• Records supplied:
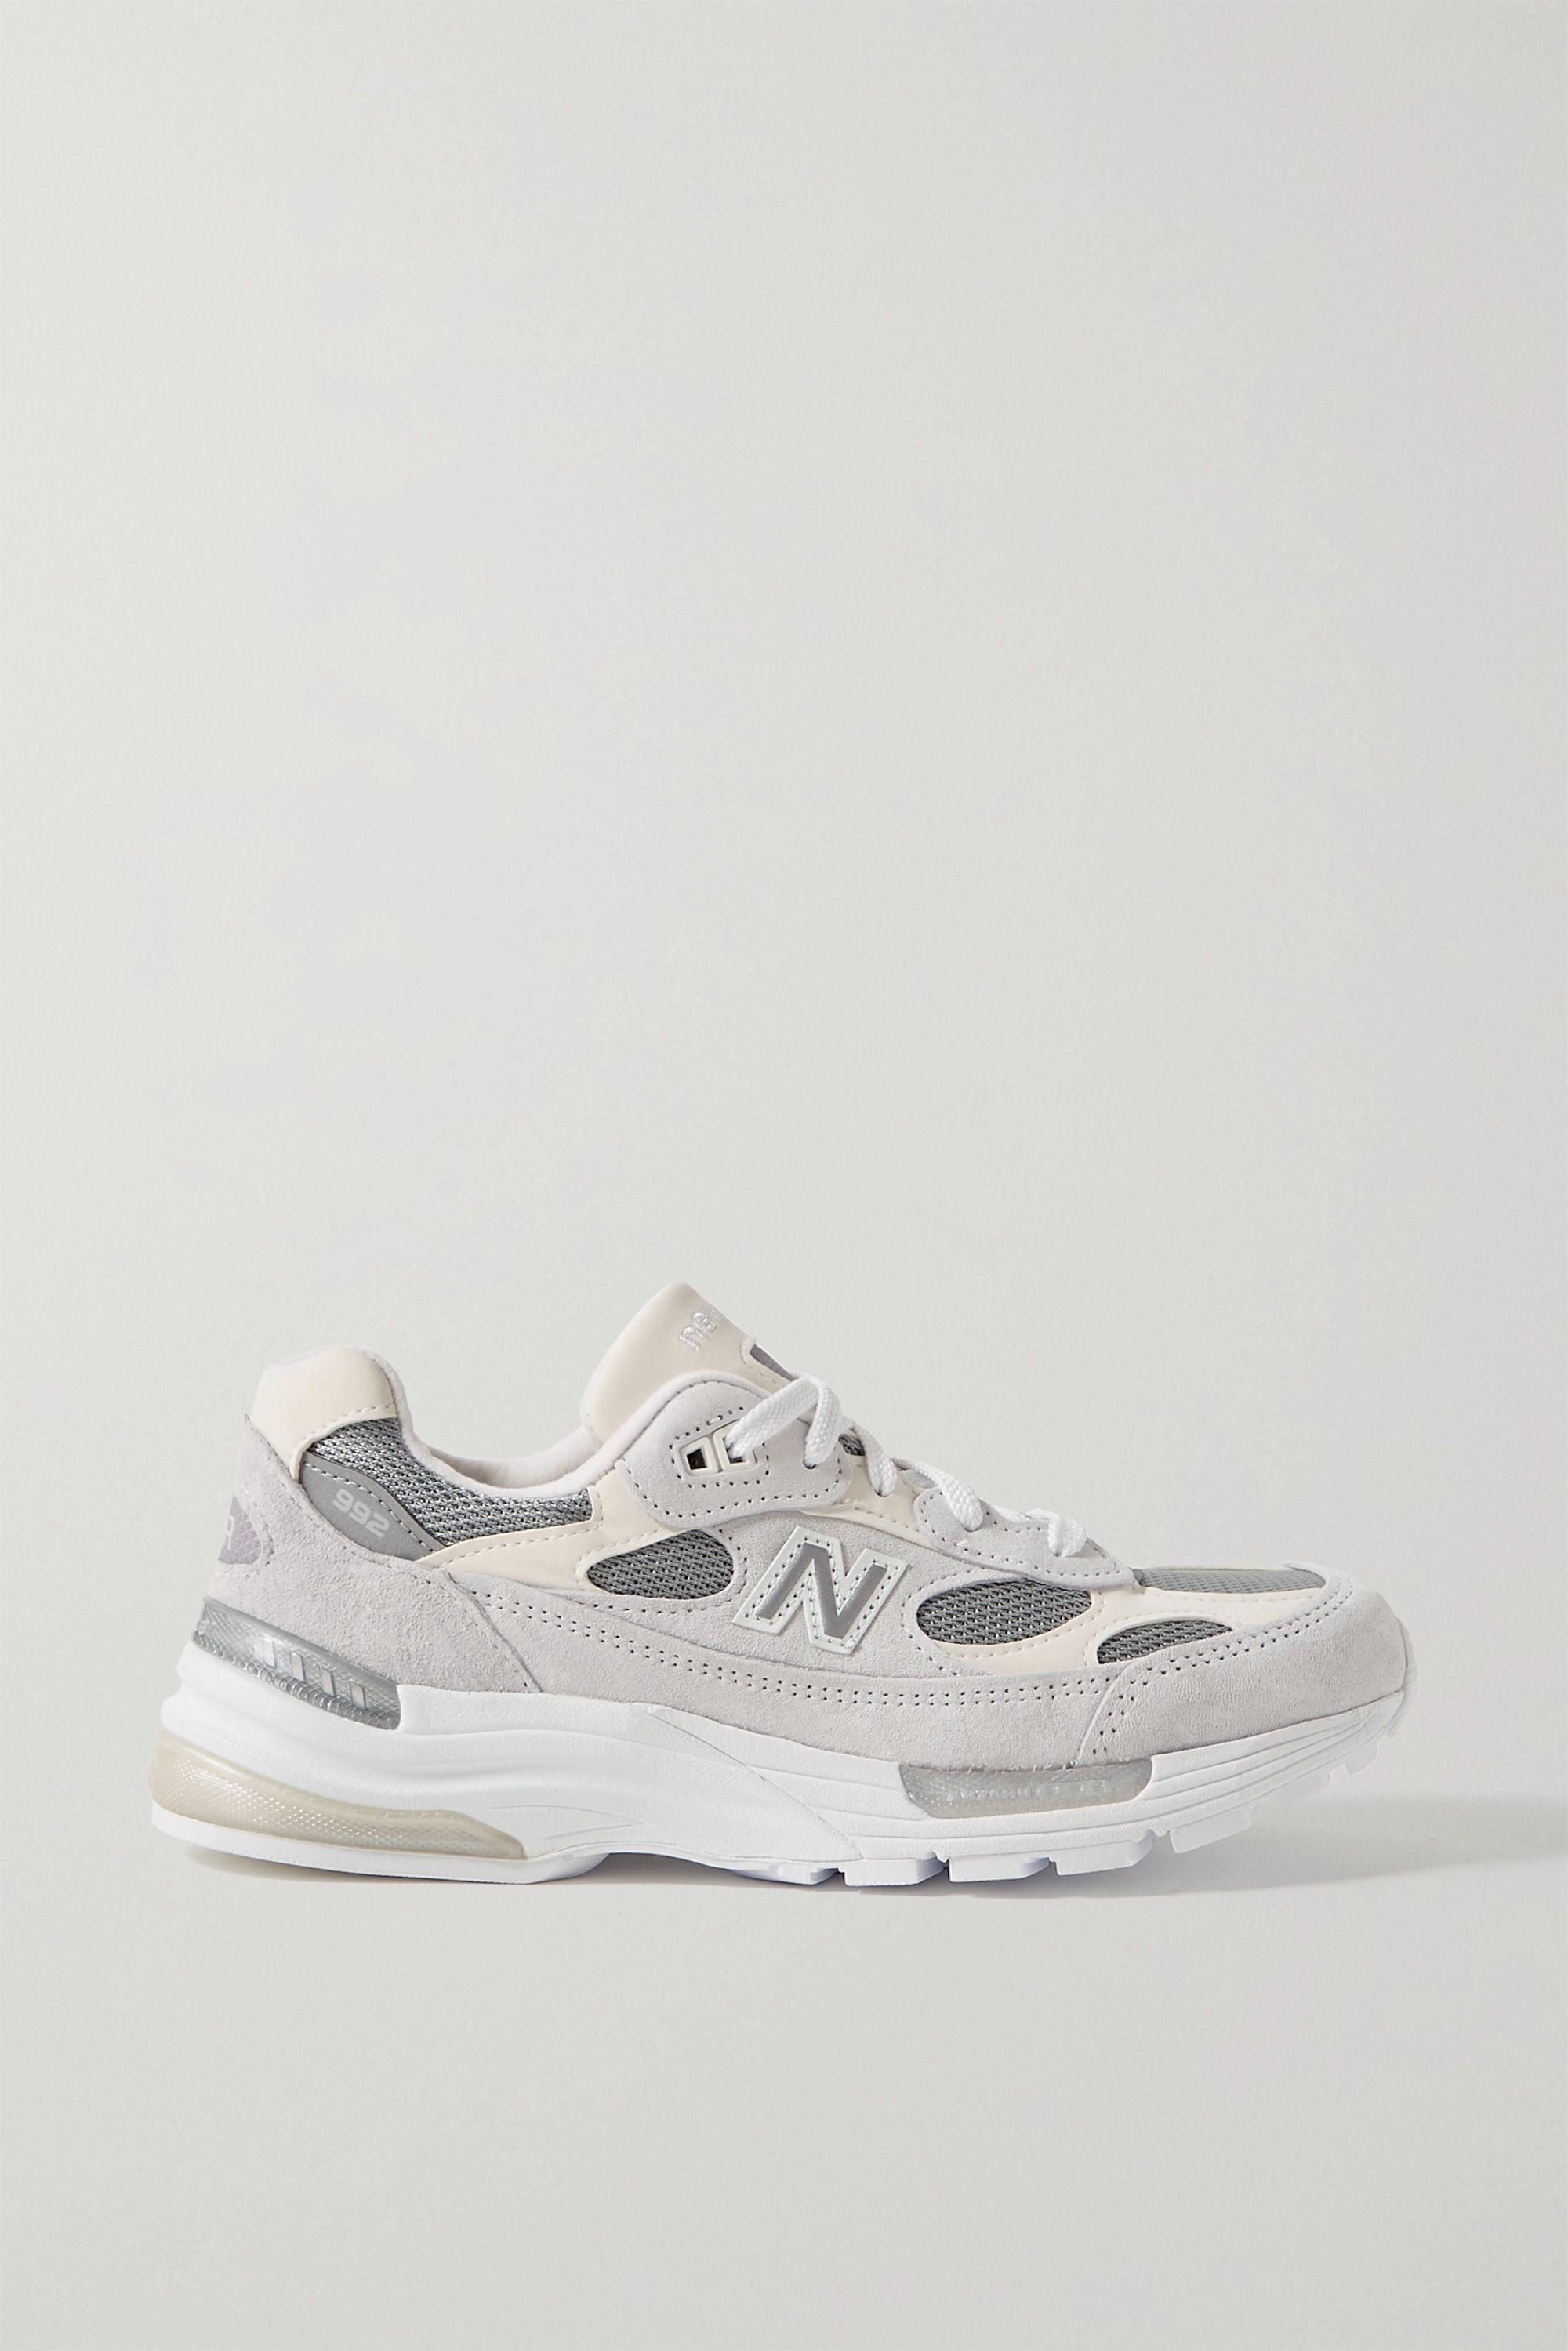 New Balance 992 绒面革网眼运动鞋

--

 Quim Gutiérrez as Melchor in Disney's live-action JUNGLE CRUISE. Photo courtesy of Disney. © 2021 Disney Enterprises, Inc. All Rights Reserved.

--

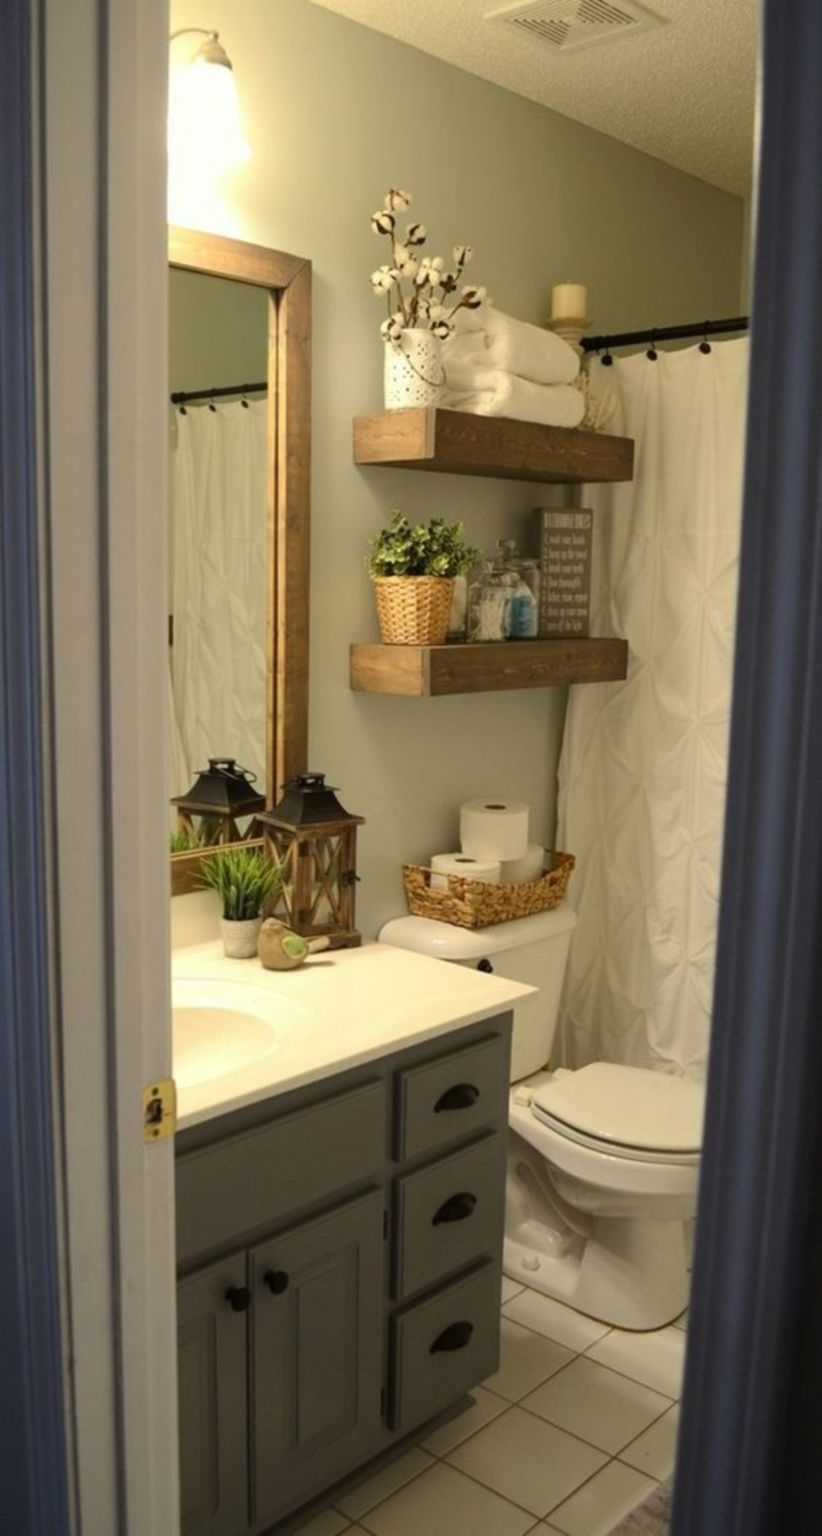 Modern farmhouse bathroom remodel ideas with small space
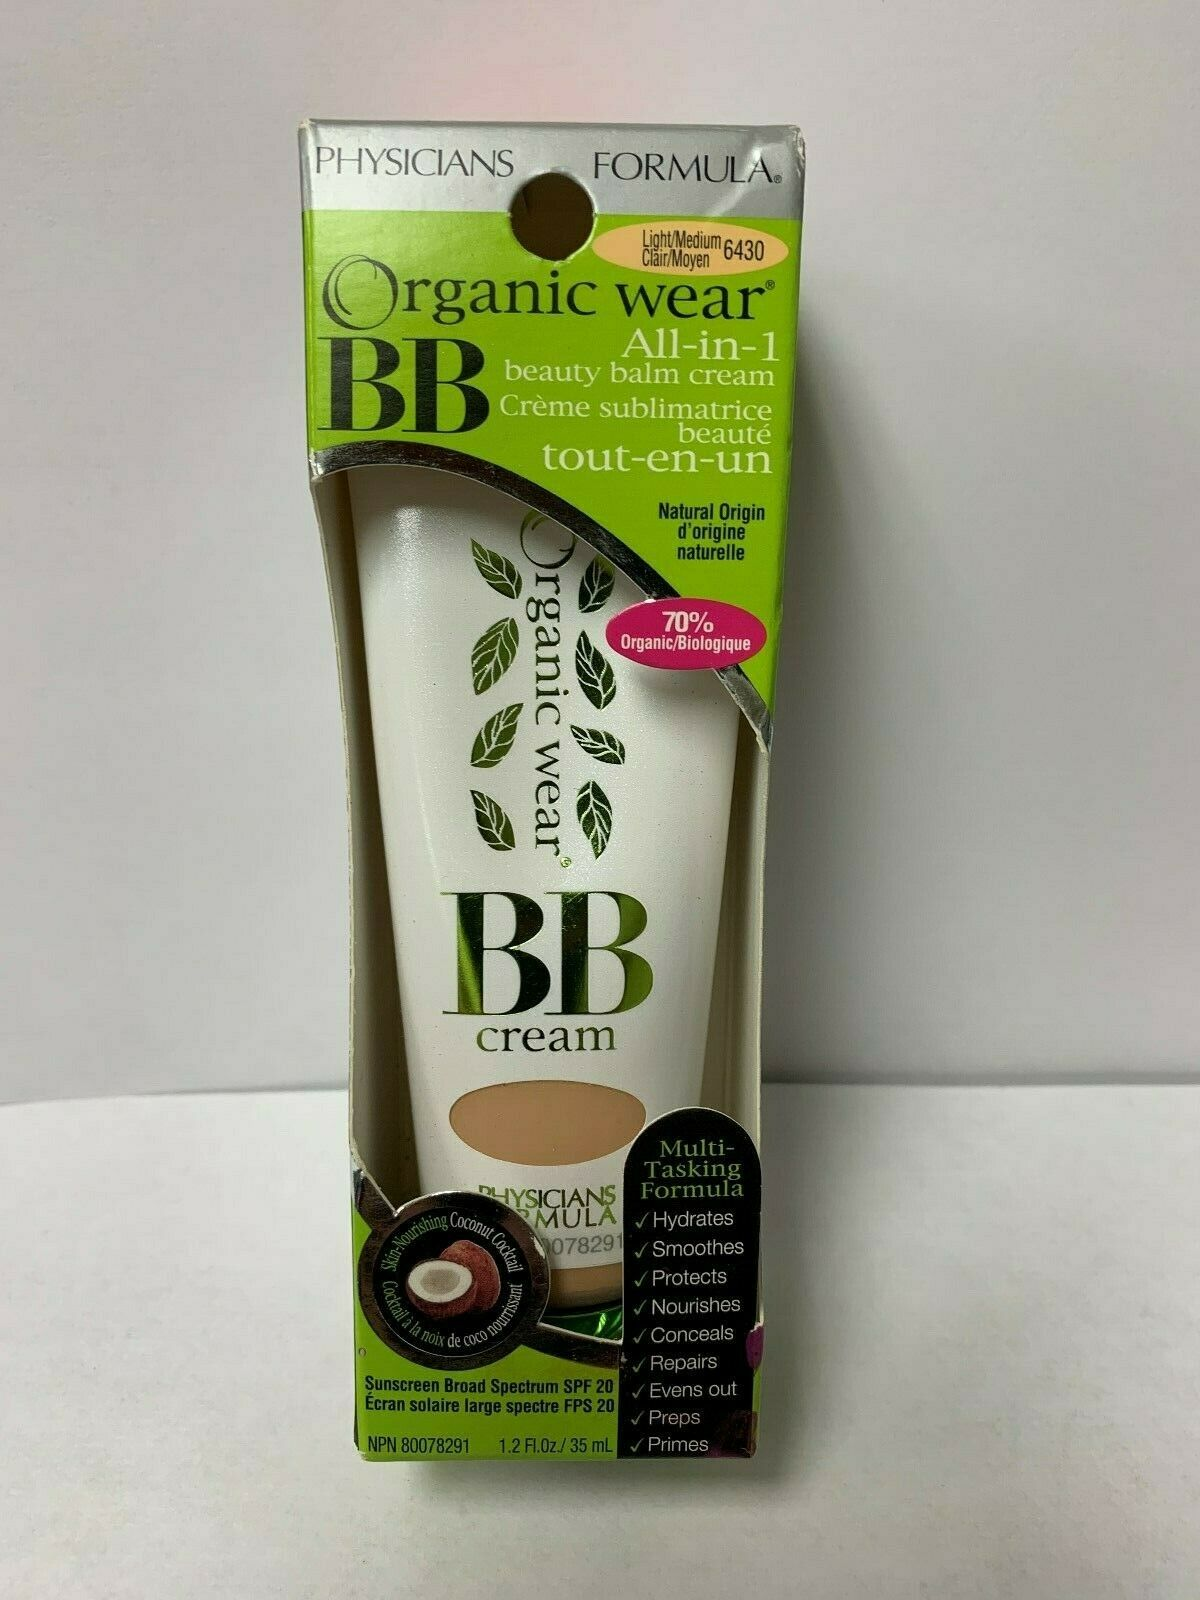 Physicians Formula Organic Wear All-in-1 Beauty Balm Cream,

• What to produce:
Starting at the line containing "Modern farmhouse bathroom" and stopping at the line containing "Physicians Formula Organic", output each line exactly as it appears above. Leave out the pictures.

• Response to the task:
 Modern farmhouse bathroom remodel ideas with small space
 Physicians Formula Organic Wear All-in-1 Beauty Balm Cream,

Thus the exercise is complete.